The hotel or timeshare can also inspect the beds every time the room is cleaned.  We found bed bug larvae and noticed the stains at a Wyndham we stayed at once.  Thankfully they refunded our points and we stayed elsewhere.  We always check the beds before we unpack.


----------



## Quimby4 (Mar 13, 2015)

Thank you Marriott Waiohai, July 2011 . 3 fumigation's, new beds, etc. $$$.
Every hotel should be considered to have bed bugs.

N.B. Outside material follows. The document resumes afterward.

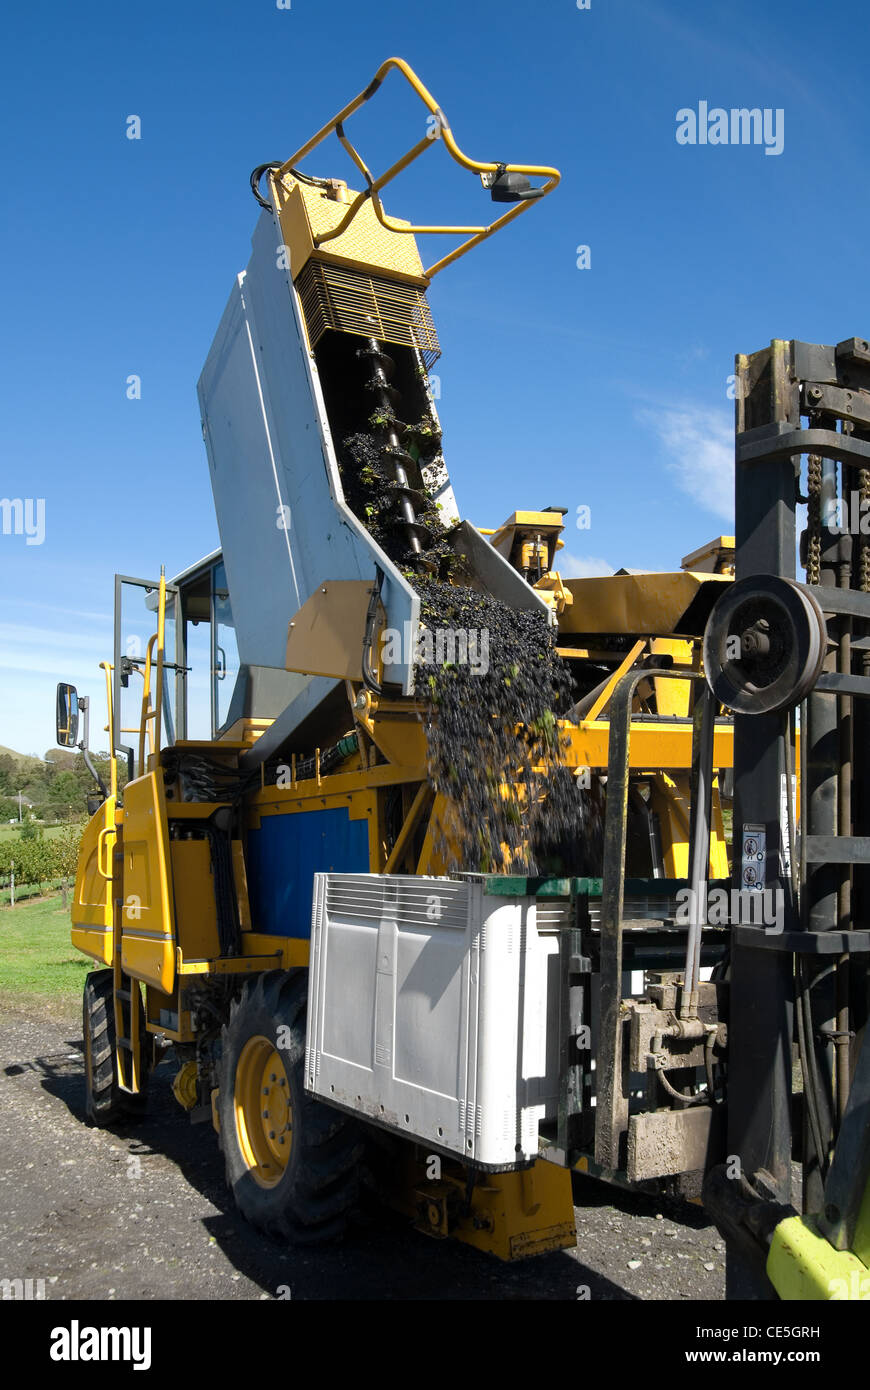 A grape harvester empties its load of freshly -picked grapes into a large container on the front of a fork-lift Stock Photo

#1- never, never bring any luggage in your house. unload clean clothes from your luggage directly to the drier and run on HOT for a minimum of 20 minutes. Dirty clothes should stay in the garage until washed. again, do not bring in luggage or clothes to the house.
#2 - Bed Bugs can live for 18 months without food, human blood. 
#3 - Store luggage in garage in a plastic bag
#4 - do not put luggage on the floor or bed at hotel, use elevated table or luggage stand. No guarantee they still won't crawl in. don't put clothes on floor in hotel.


----------



## Spencer Moseley (Nov 29, 2016)

Thanks Quimby4 for the tips.


----------



## mav (Nov 29, 2016)

DeniseM said:


> It could cost $4,000 - especially if the house was very infested, before they treated it.  They may have had to throw out upholstered furniture and mattresses, because they are very hard to treat.  Bed bugs are far harder to get rid of than other parasites, because they can live for months without food, and they can live anywhere - they don't have to be "on" a human, like head lice do.
> 
> *As a former teacher, I know a lot more about parasites, than I really want too!
> 
> I've been fortunate to experience head lice, bed bugs, scabies and pubic lice, in my classroom!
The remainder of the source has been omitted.